I’m an incurable bleeding heart. Always have been. Almost anybody having a bad day short of Charlie Manson gets at least some measure of sympathy from me. (And I even managed a wince for
him when I heard he’d been set on fire.)
There are times, however, when my sympathy contends with – what is the word I’m looking for? Not schadenfreude, because there’s no element of pleasure in it.
It’s something more akin to amazement and best summed up by me withdrawing the hand I’ve been using to pat the other person comfortingly on the shoulder, sitting back, opening my eyes wide and asking “You’re kidding, right? Tell me you’re kidding.”
That’s my reaction to Alexandra Penney’s two recent pieces, one at
The Sunday Times Online, the other at
The Daily Beast about her savings being wiped out in the Madoff scandal.
It’s not that I blame her for being unhappy, for feeling violated, bewildered, bereft. Her savings have been taken away, savings she earned through her own hard work. All her assumptions about her future have now been seriously shaken.

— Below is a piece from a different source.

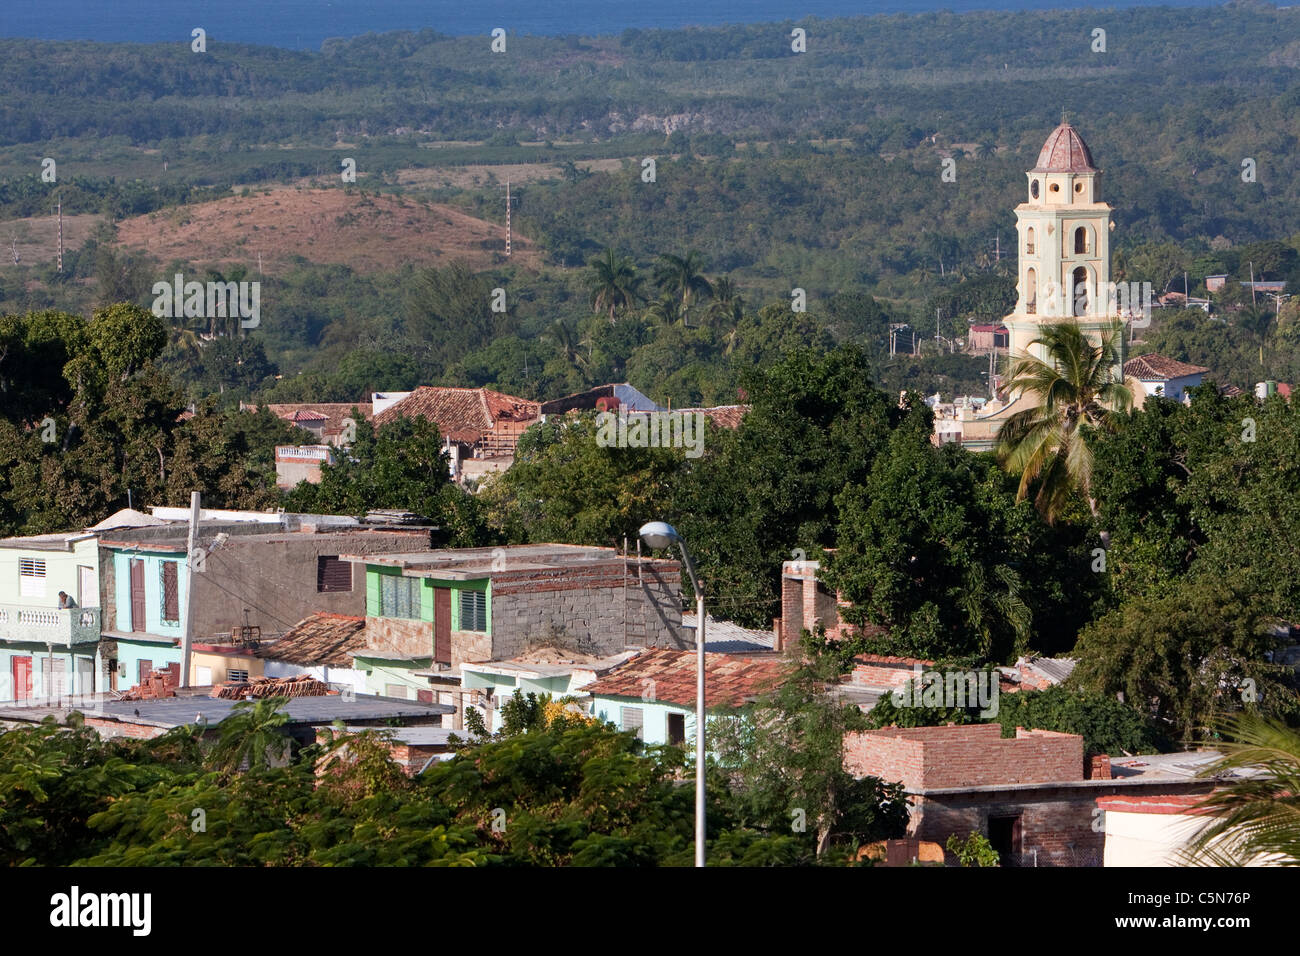 Cuba Trinidad. Vista dalla collina. Torre Campanaria del monastero di San Francisco sulla destra. Caraibi in distanza. Foto Stock

But self-pity and hyperbole among the very rich – even among the very rich who’ve been cruelly bilked of their savings – is a sure-fire empathy killer. I depend on San Francisco’s transit system to get me where I want to go, and if I want an ironed shirt, I iron it myself, and have had to since I left for college more than thirty years ago. So naturally, when the indignities being brokenly imparted to me include having to ride the
subway, and giving up the freshly ironed shirts provided by her soon-to-be-fired maid, I have a hard time relating.
When someone declares that she has “nowhere to turn” and then adds “At least I have the offer of my son’s adorable back house in Santa Monica,” a certain sense of alienation sets in. When that someone goes on to say she has “nothing” and to prove it cites the fact that “The cottage in West Palm Beach is already on the market, my little country house is being appraised, and I can’t even think what will happen to my apartment…” I have to wonder about her definition of “nothing.” That sounds like a hefty chunk of equity to me, even in today’s real estate market.
And the sense that I’m listening to someone from another planet entirely is made complete when she is driven by desperation to “call my good friend Ed Victor, the literary agent, and say I need to write something, anything.”
Golly. As a freelance writer, I sure wish I had the option of calling my pal, one of the worlds leading literary agents, and asking him to rustle up an assignment for me.
In short, Alexandra Penney has nothing, absolutely
nothing but a well-off son willing to offer her a cottage in Santa Monica, the money from the sale of at least two high end properties, and wealthy, influential friends willing to offer her a helping hand. Not to mention the royalties from her bestselling book,
How To Make Love to a Man.
And the no doubt hefty advance for her next book, which hopefully, will be written in a calmer frame of mind, and with a better sense of perspective.